Человек в кресле и его портрет отражались в старинном зеркале глубокой синевы, приобретенном, он уточнил, не только ради насущных нужд, но и за волнующую параболу модерна в обрамлении. И той, удвоенной зеркалом, пары достаточно было ему для бесед и внутреннего диалога. Таким беседам, надо полагать, в немалой степени способствовал бар из массива андаманского падука, заряженный неплохой коллекцией вин, сложенный по всем правилам, с пониманием и уважением к процессу – предмет в доме бесспорно уместный, превращающий рядовую пьянку в достойное с эстетической точки зрения занятие.
Он следил за моими перемещениями, как следят за рукой хирурга при пальпировании живота: в ожидании острой боли в найденной точке. Возможно, его приглашение отнюдь не подразумевало столь тщательный осмотр, а было продиктовано лишь желанием поговорить в комфортной обстановке. Мне пришлось закруглиться, подведя вполне ожидаемый промежуточный итог: весь представший передо мной антураж свидетельствовал о подчеркнутой обособленности хореографа, его рациональном эгоизме – базисном жизненном и ценностном выборе – возможно, ради сохранности индивидуального, личностного. Хореограф был в этом смысле бесконечно дорог себе.

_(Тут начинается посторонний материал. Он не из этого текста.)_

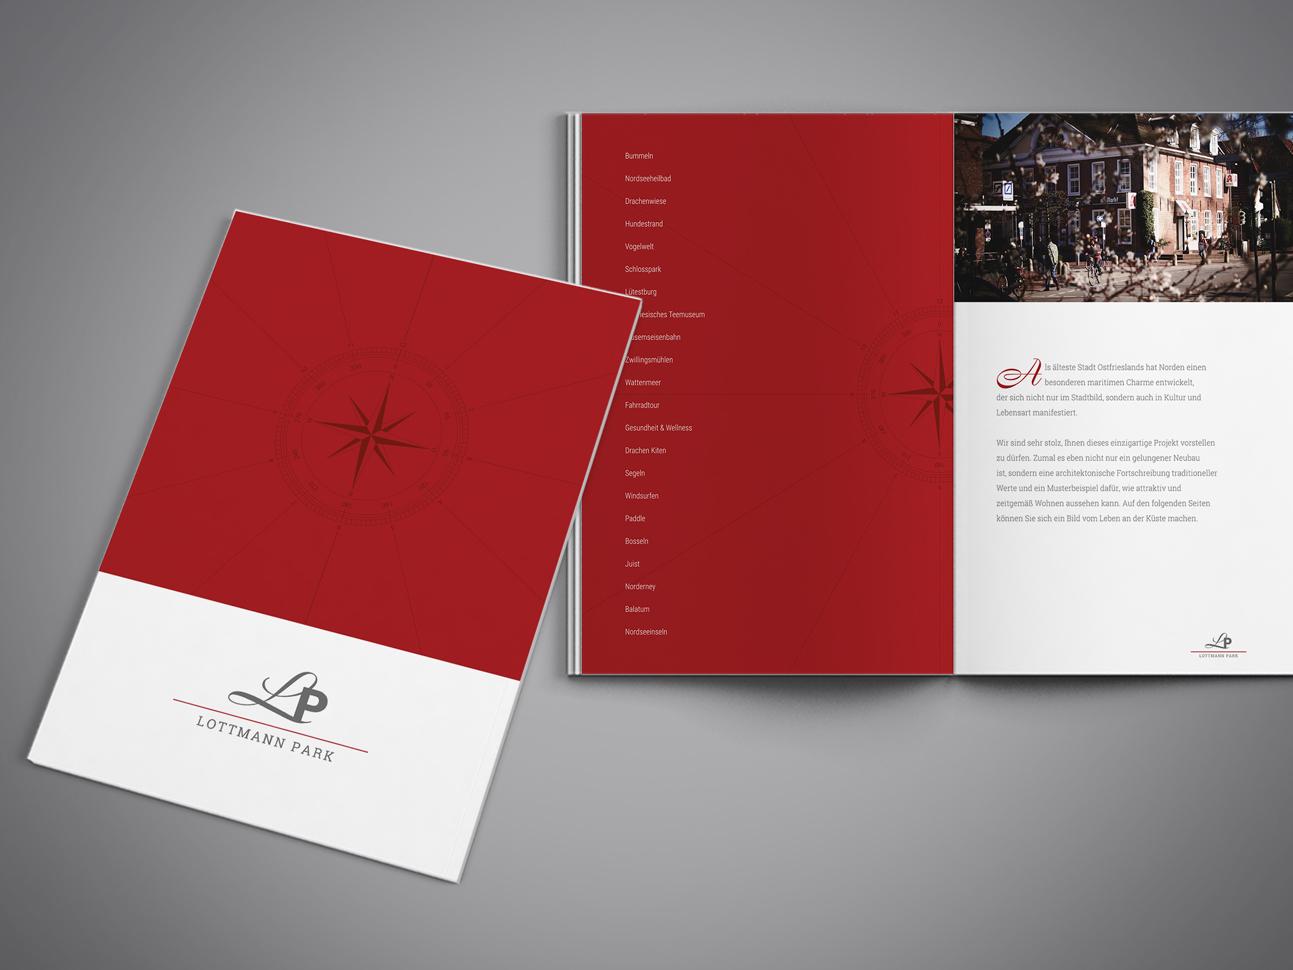 martin_zech_design_projekt_design_lottmann-park_verkaufsprospekt_cover_doppelseite

Миновав закрытую дверь спальни (я очень скоро пожалею, что мне не хватило дерзости открыть ее в поисках источника неуёмного, почти маниакального стремления хореографа каждой постановкой превращать сцену в эрогенную зону), мы осели в ухоженной кухне, относящей в Прованс парой-тройкой цитат: мятным цветом стен, потертостями и кракелюрами на крашеных белых фасадах мебели, льняными занавесками – как будто принадлежащей совсем другому дому и другим людям. Некоторое время он не мог собраться с мыслями и приступить к рассказу. Отвлекался на несущественное, словно пытаясь оттянуть начало болезненной процедуры. Угощал чилийским мерло, говорил, как мне помнится, что квартира эта принадлежит его знакомым, которые обустраивали ее для себя, да вдруг сорвались в ветреный город Сан-Франциско – жить набело. Там морские львы греются на старых причальных мостках и из них не устраивают цирк. На заданный из обывательского любопытства вопрос, планирует ли он обзавестись, наконец, собственной квартирой, он отвечал, что квартирам предпочитает замки, и один у него уже есть – родовой. И еще обмолвился, к моему удивлению, что содержит в замке некую группу лиц и почитает это своим долгом прошлому. Откуда мне в тот момент было знать, что «замок с группой лиц» окажется двойным дном его творчества? А может, и… дикой фантазией? Но это – к слову. Речь пойдет о другом.